Traders are walking tall at the Chicago Board of Trade. So are brokers and clerks, who have taken to wearing platform shoes so they can be more visible in that center of American capitalism poetically referred to as "the pit." Essentially, traders, brokers and clerks stand in the pit and gesticulate to the folks above on whether they should buy or sell as stock prices and commodities futures fall...

Traders are walking tall at the Chicago Board of Trade.

So are brokers and clerks, who have taken to wearing platform shoes so they can be more visible in that center of American capitalism poetically referred to as "the pit."

Essentially, traders, brokers and clerks stand in the pit and gesticulate to the folks above on whether they should buy or sell as stock prices and commodities futures fall.

If no one can see you while you're in the pit, no one receives the signal.

I guess the loud jackets and ugly ties (and uglier gestures) weren't doing the trick, and they needed a little extra boost.

So to speak.

An enterprising gentleman who works at CBOT (that's one of those acronyms that makes me sound like I know what I'm talking about) started selling the special shoes from the shoe room -- the little room where the market drones change their I-wear-a-suit-to-work shoes for the I'm-on-my-feet-all-day model -- at the exchange building.

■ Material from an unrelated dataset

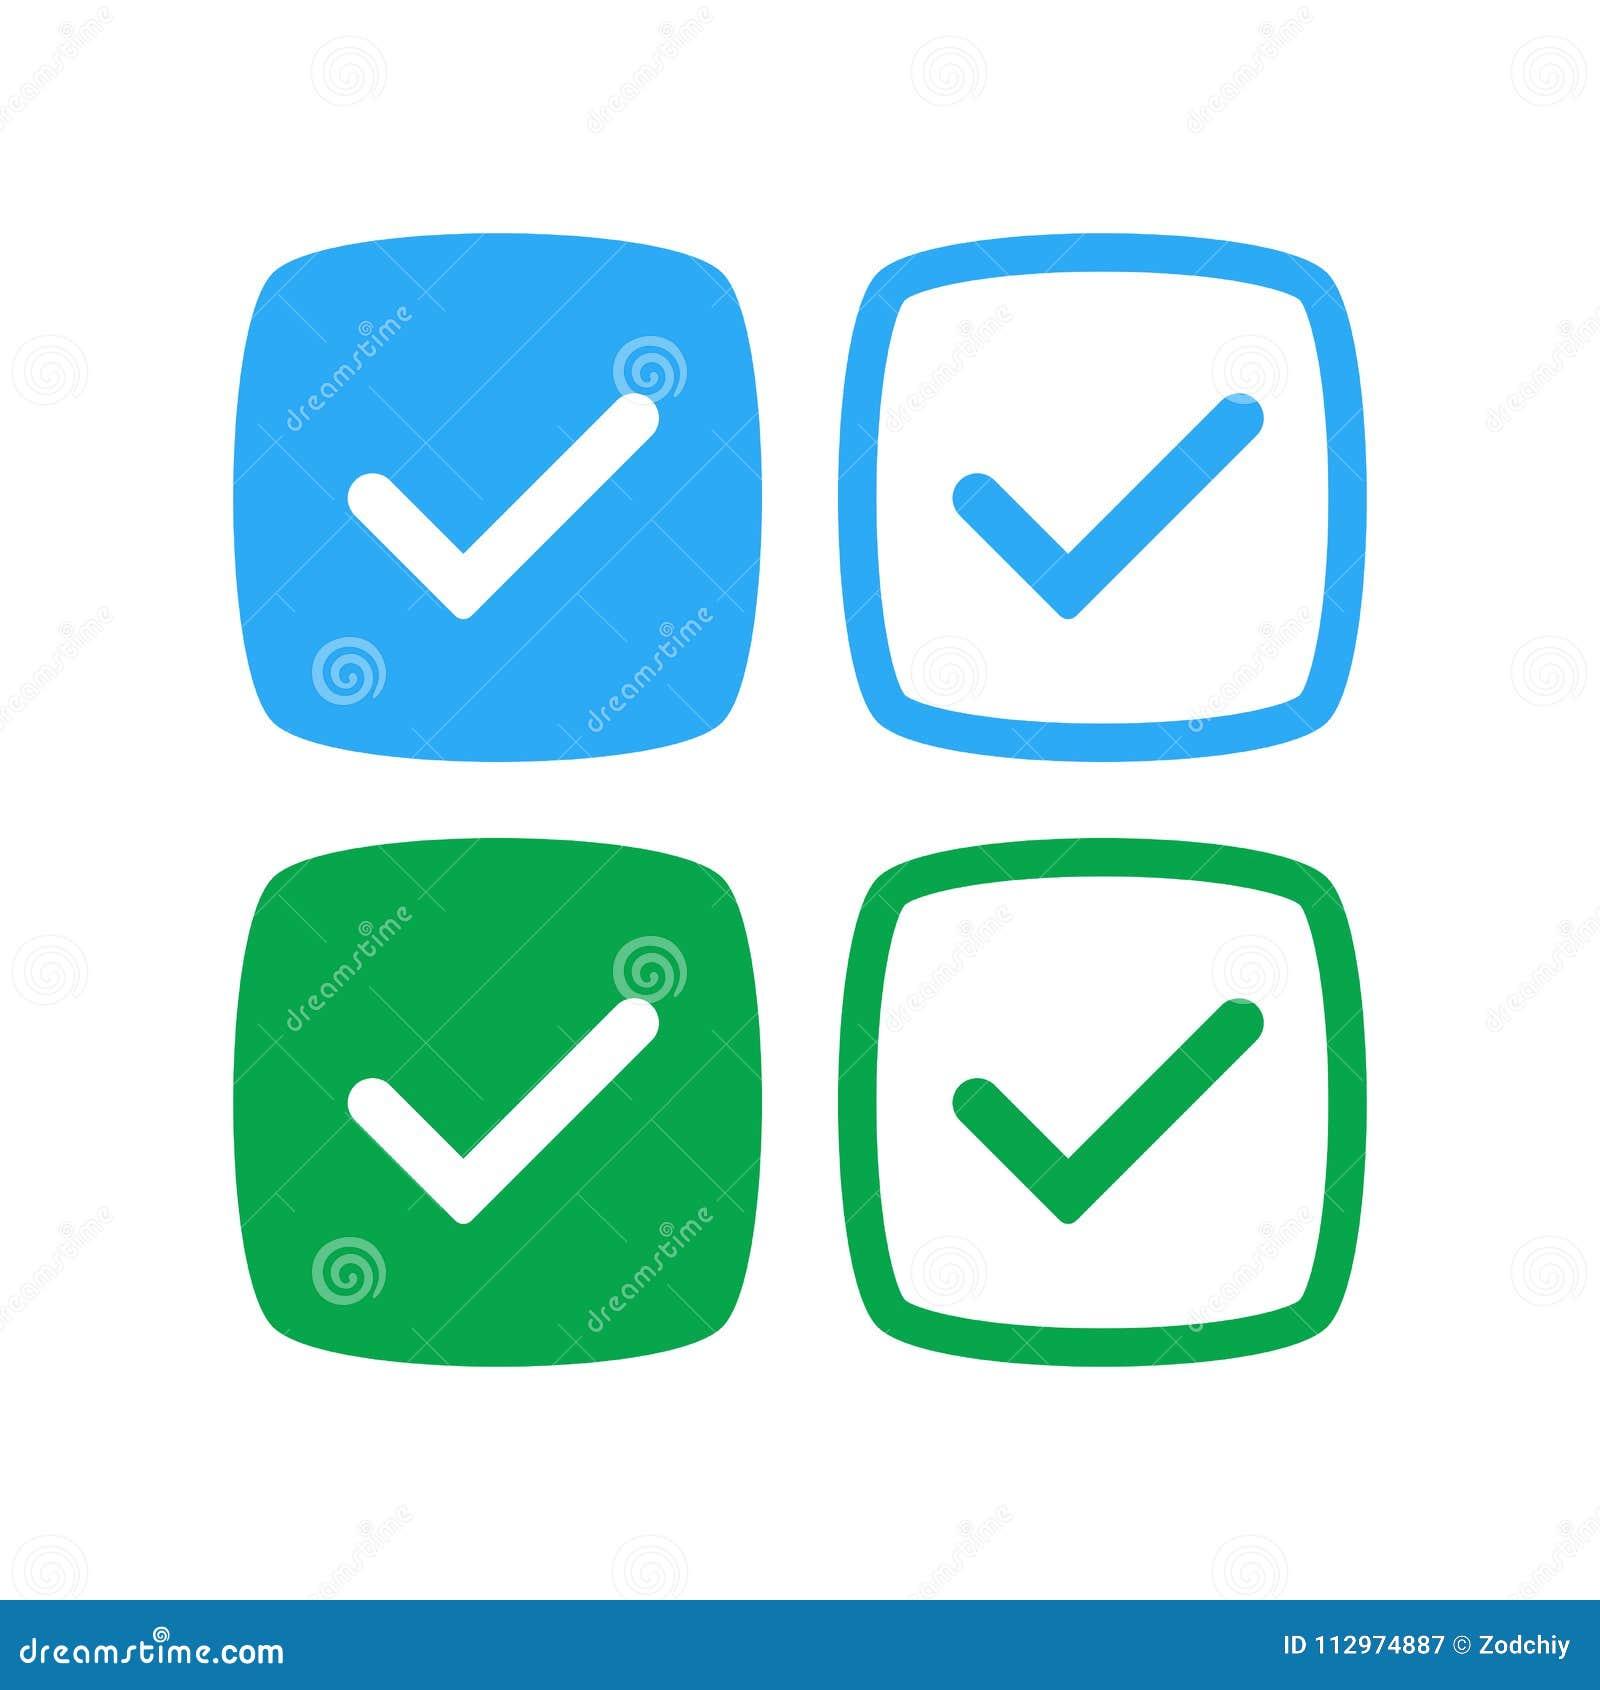 Copie Social-networks-verified-badges-2

The shoes have an inch and a half-thick sole, and the shoe guru adds up to another inch and a half.

If the shoes were any higher than 3 inches off the ground, says the shoe guru, they'd be unstable.

Better not let Alan Greenspan know what's going on or the entire stock market could crash.

High platforms and high heels are verboten, according to a spokesman for the Chicago Board of Trade, but it's up to floor officials to determine how high is too high.

And across town at the Chicago Mercantile Exchange, the special-order shoes are absolutely forbidden.

The shoe guru reports his customers hide their platforms under really long pants.

Bell bottoms, one would assume.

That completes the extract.